I ventured out to Countdown yesterday, and it would have been hard to pick it from any other Wednesday of the past.
Disappointing, on all fronts.
Or maybe a lot of people have realized that Coronavirus is no way near the threat the Government whipped it up to be. Research from around the world is showing that Coronavirus has a death rate no more than the seasonal flu if not less. They are laughing at you for good reason.
Maybe we will go into lockdown again but that will be based on fear and not science. There are worse things that death and living in fear is one of them. Let go of the fear and live your life.
Nice top 5-7 there, good amusement.. here's my own link take for the lucky few countries, NOT subjected for 'capital outflow for RE investment=people movement': (personally I would add Antartica & the Moon)
https://www.stuff.co.nz/travel/news/121352011/coronavirus-the-countries…

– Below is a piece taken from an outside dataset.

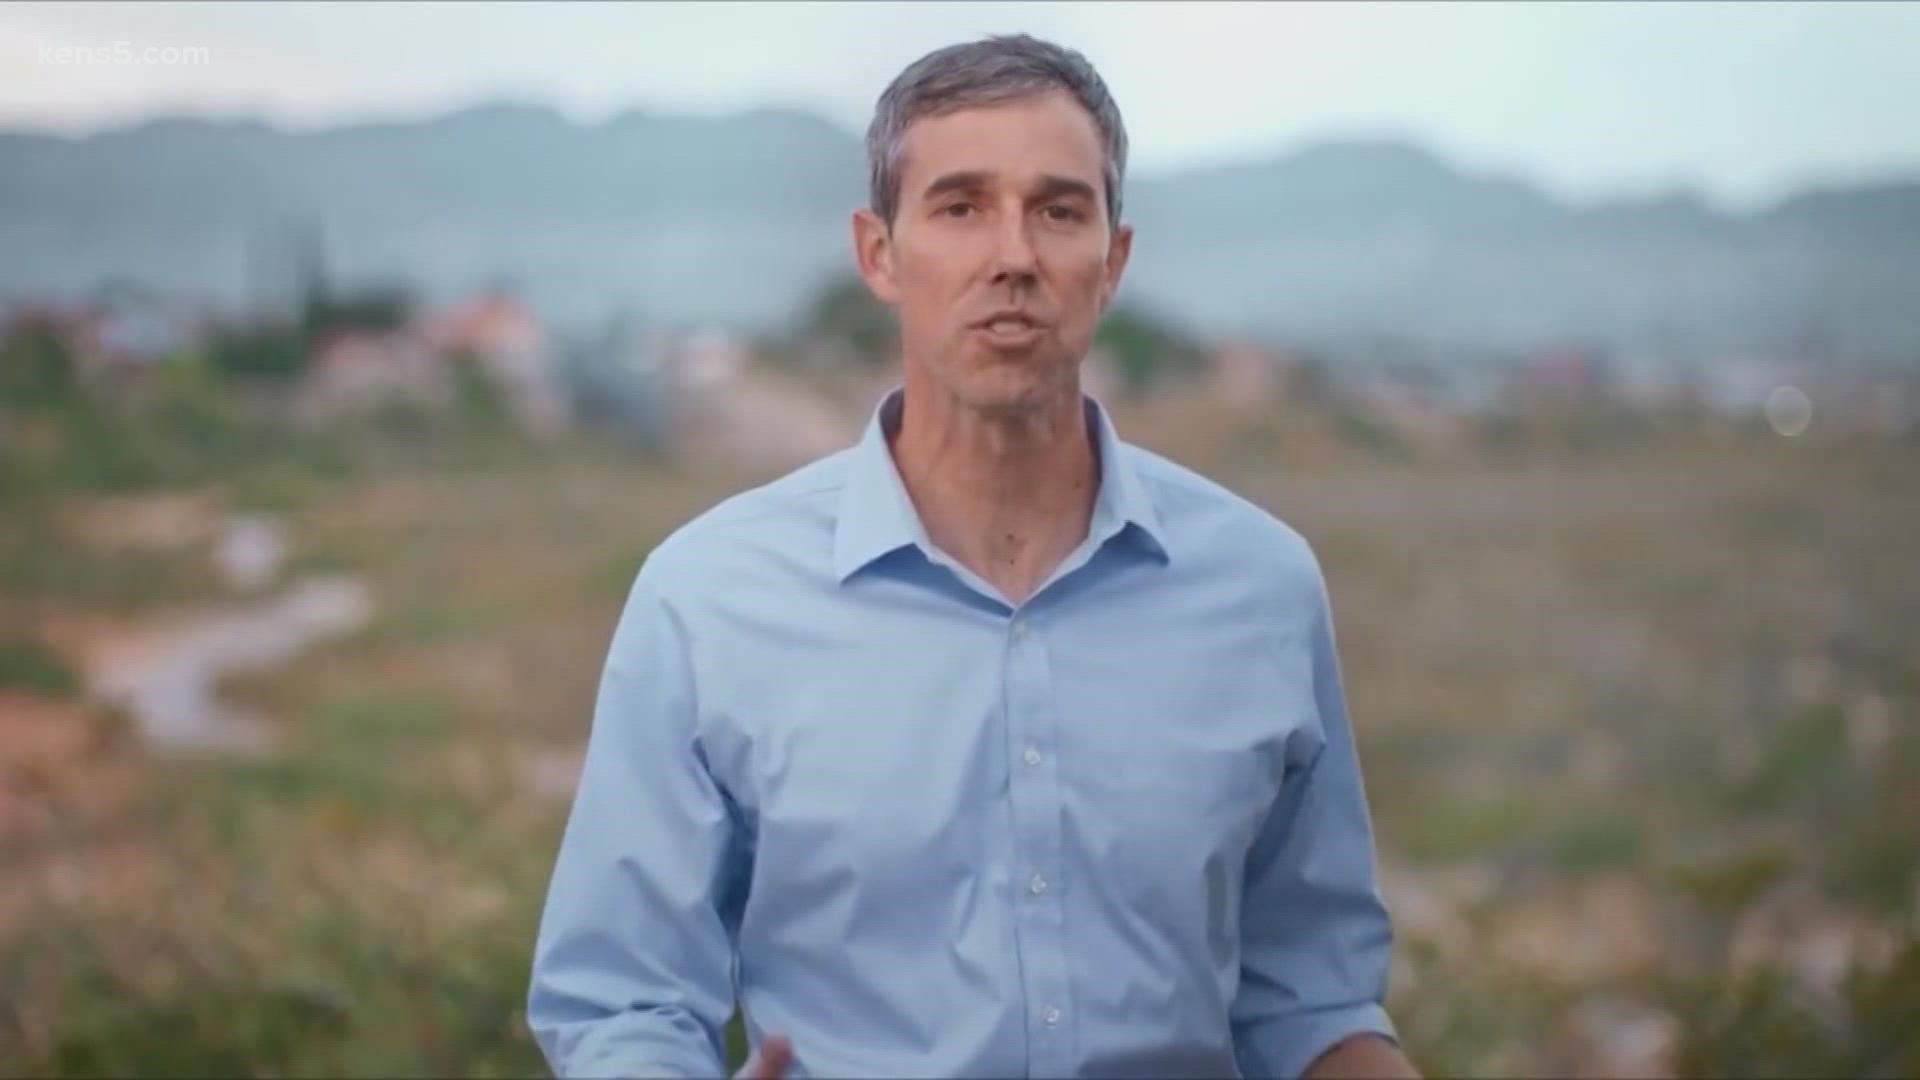 "Those in positions of public trust have stopped listening to, serving and paying attention to and trusting the people of Texas," O'Rourke said.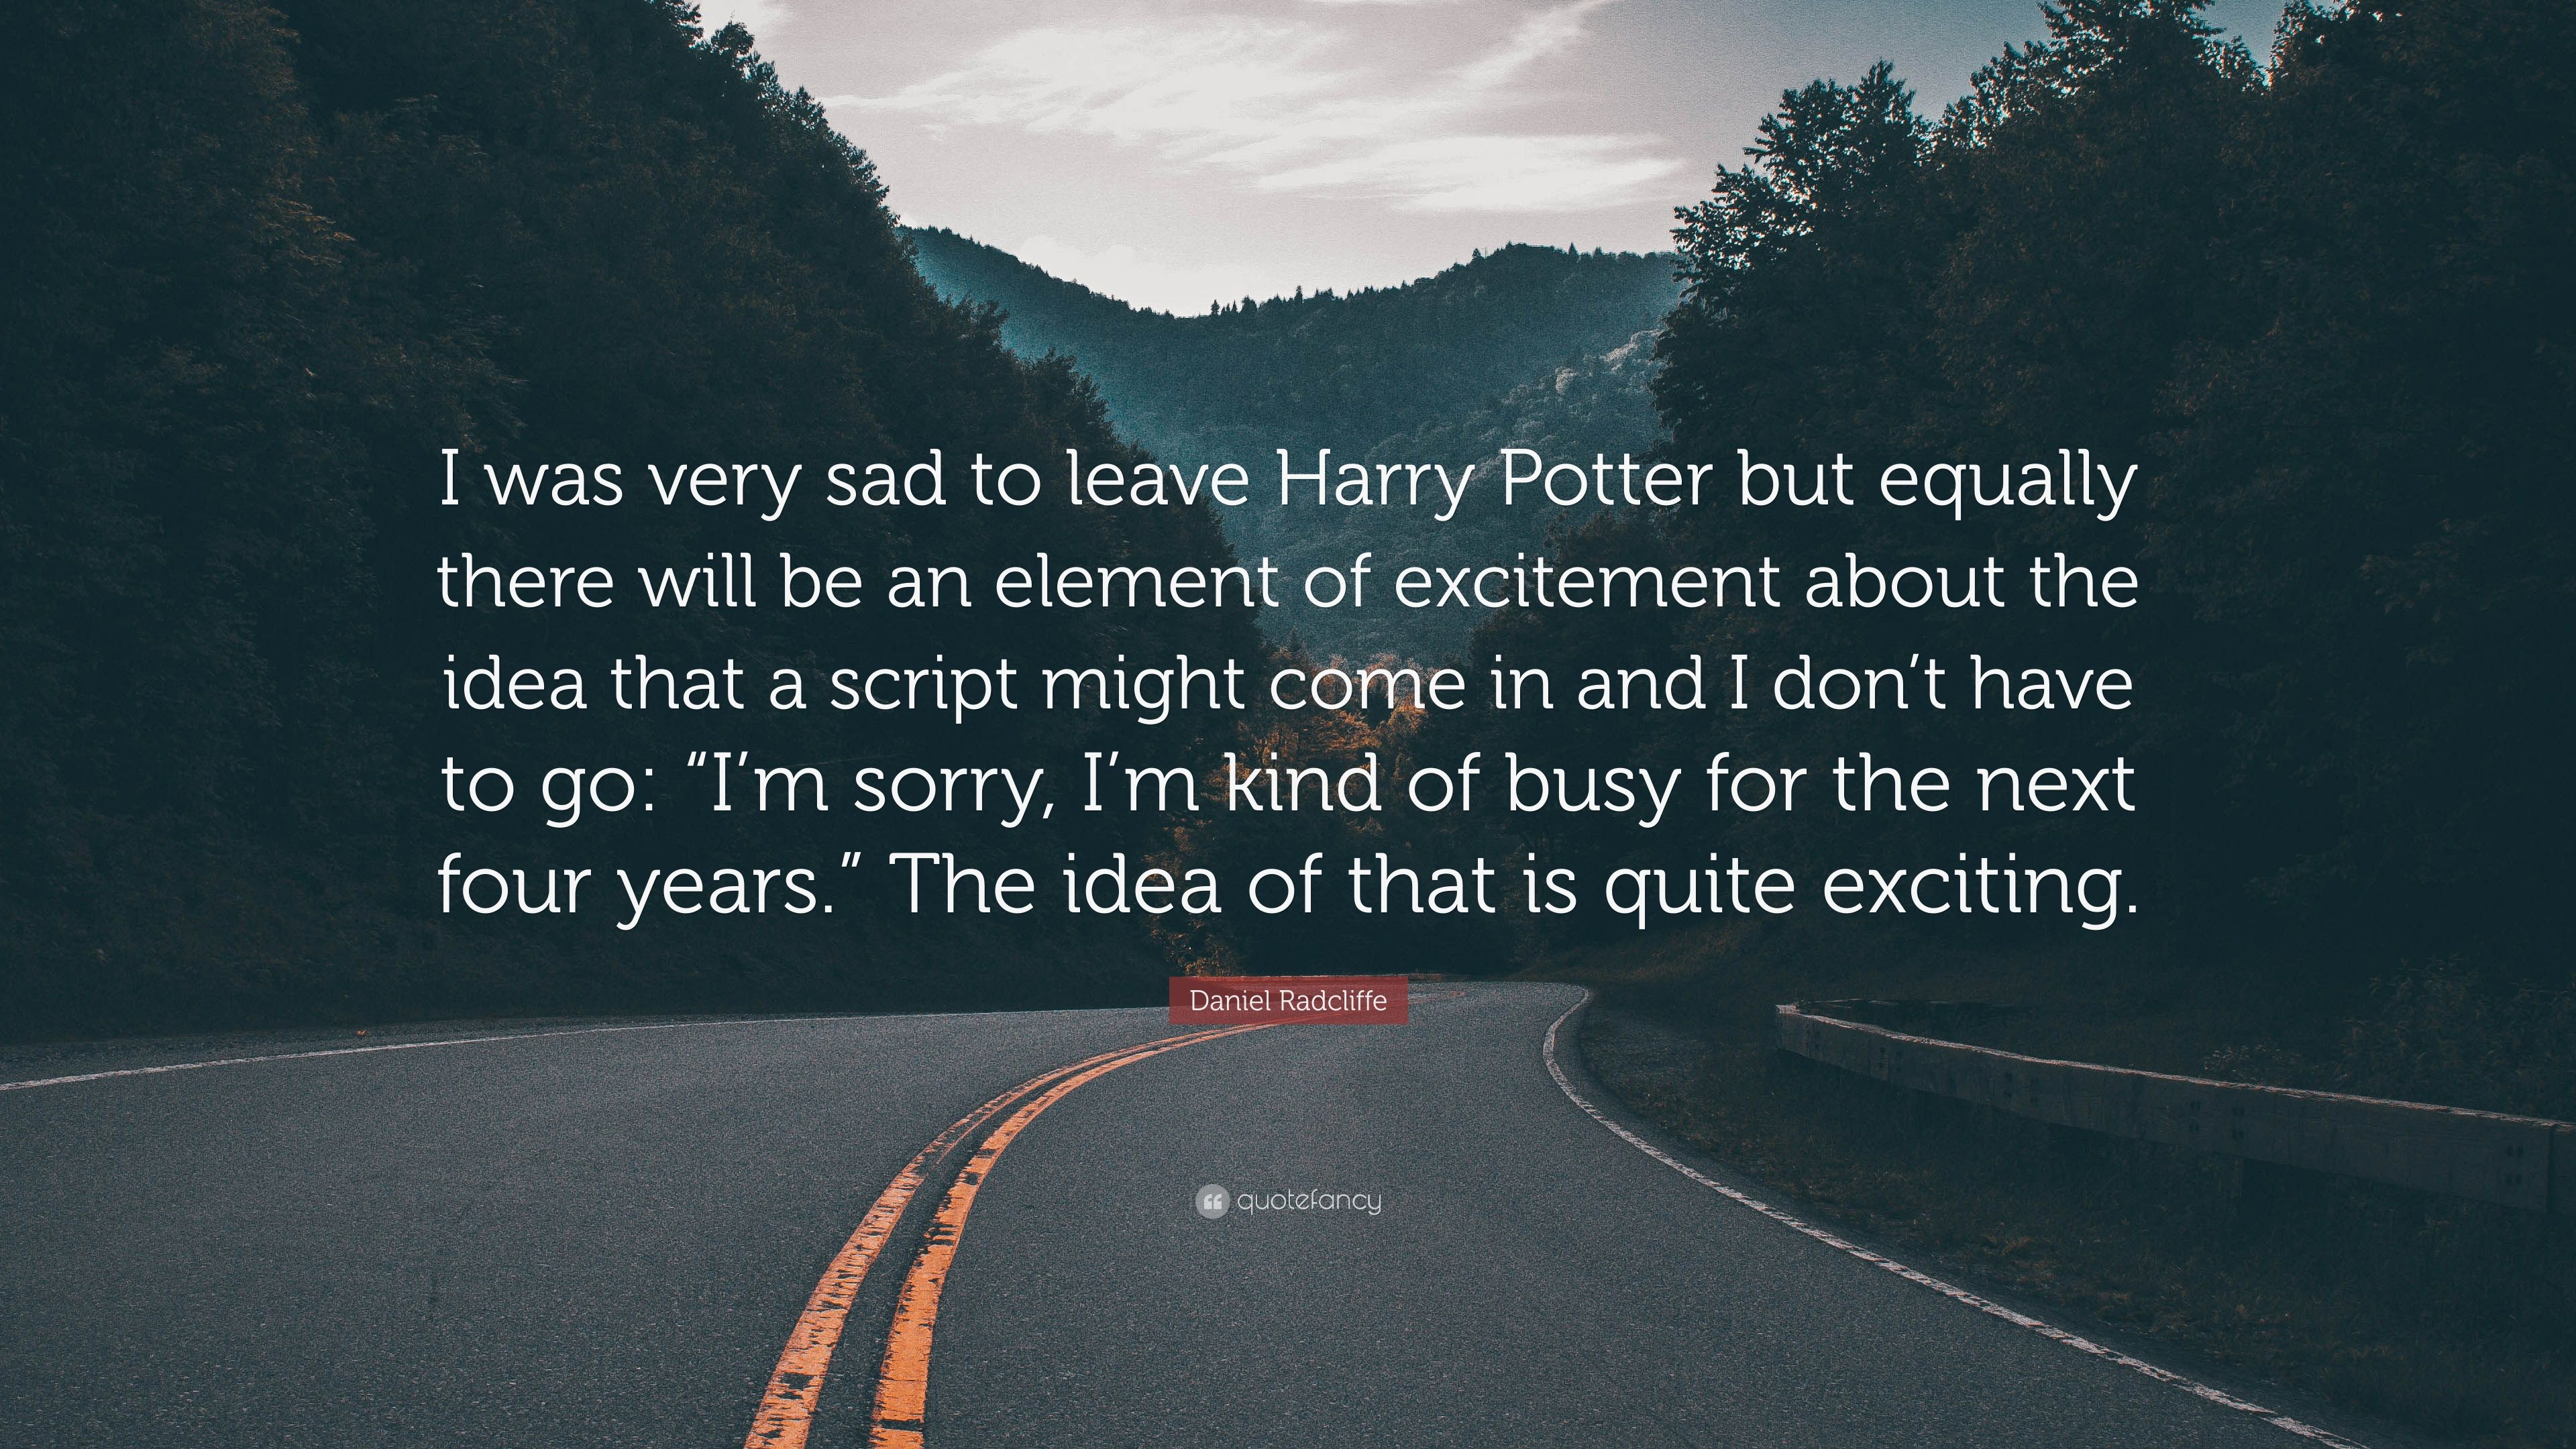 Daniel Radcliffe Quote: "I was very sad to leave Harry Potter but equa...

I like this guy. Too many people are milking the crisis. It will go away, or be managed and mitigated. I suspect the latter, herd immunity, effective treatments, behaving as we do when the flu’s around. A vaccine would be great, but it’s not a given. And just remember we’ve had a wave of new diseases over the past century, several in the last 40 years. So there will be another one... time to stock up on PPE!
"And his second reason, I think, highlights one of many significant challenges ahead".
Nope, less people is a blessing, in EVERY way.
And I've posted hereabouts, often enough, that human labour is outgunned by fossil energy 99:1 - why worry about a slight reduction in the 1?
The biggest knock-on is in what's happening to oil. The lack of capacitance in that system, is going to have some very interesting consequences.